Ximena Gutierrez-Vasques. PhD in Computational linguistics by the National Autonomous University of Mexico (UNAM). She is currently doing a postdoctoral stay at the University of Zurich (URPP Language and Space). Her research interests comprise: NLP for low-resource languages, quantitative linguistics, machine translation.
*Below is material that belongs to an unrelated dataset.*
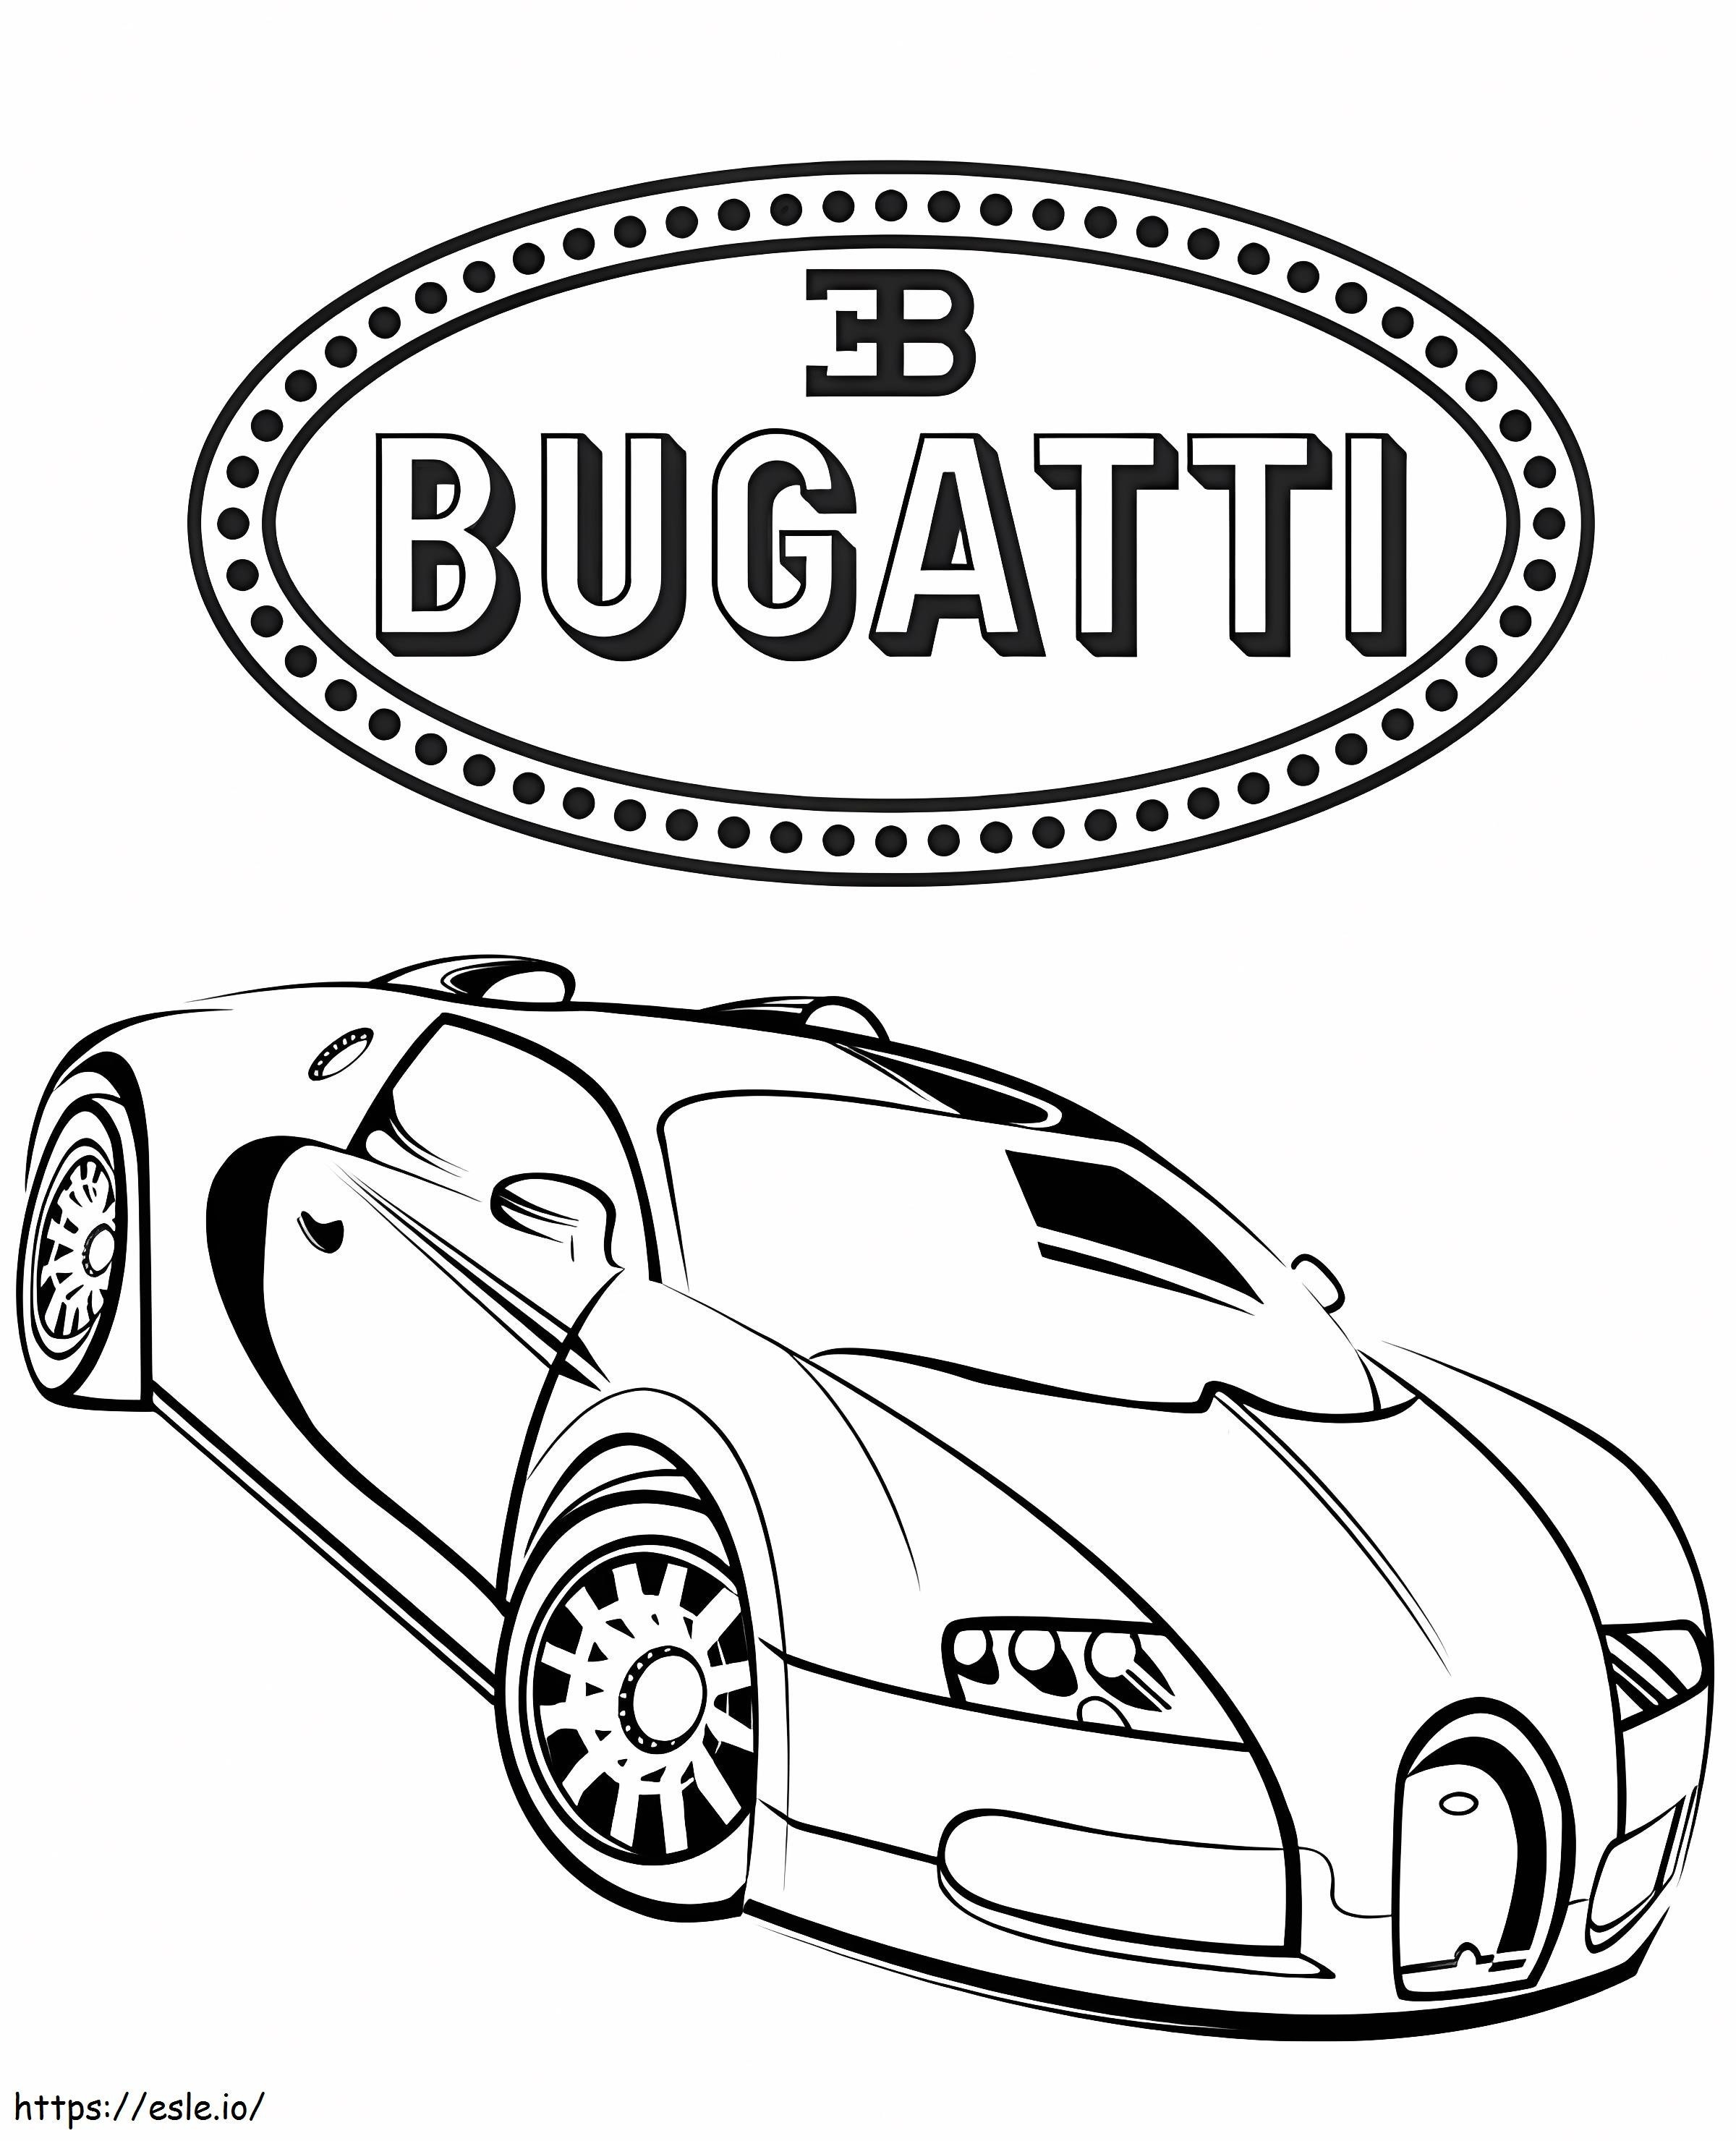 Car Bugatti 3 coloring page

Lonneke van der Plas: Analysing compounds and predicting their emergence over time

Compounds can be defined as the formation of a new lexeme by adjoining two or more lexemes. The compound word formation process is productive and as a consequence, compounds are a common word type, but many occur with very low token counts. This creates challenges for NLP tools, and it raises questions about the processes that underlie the generation of novel compounds over time.

Lonneke van der Plas is a senior lecturer in Human Language Technology at the University of Malta. Before that, she was a junior professor at the Institute for Natural Language Processing (IMS), University of Stuttgart, where she led a research group in the framework of the SFB collaborative research center 732. She did a post-doc at the University of Geneva and earned her PhD from the University of Groningen.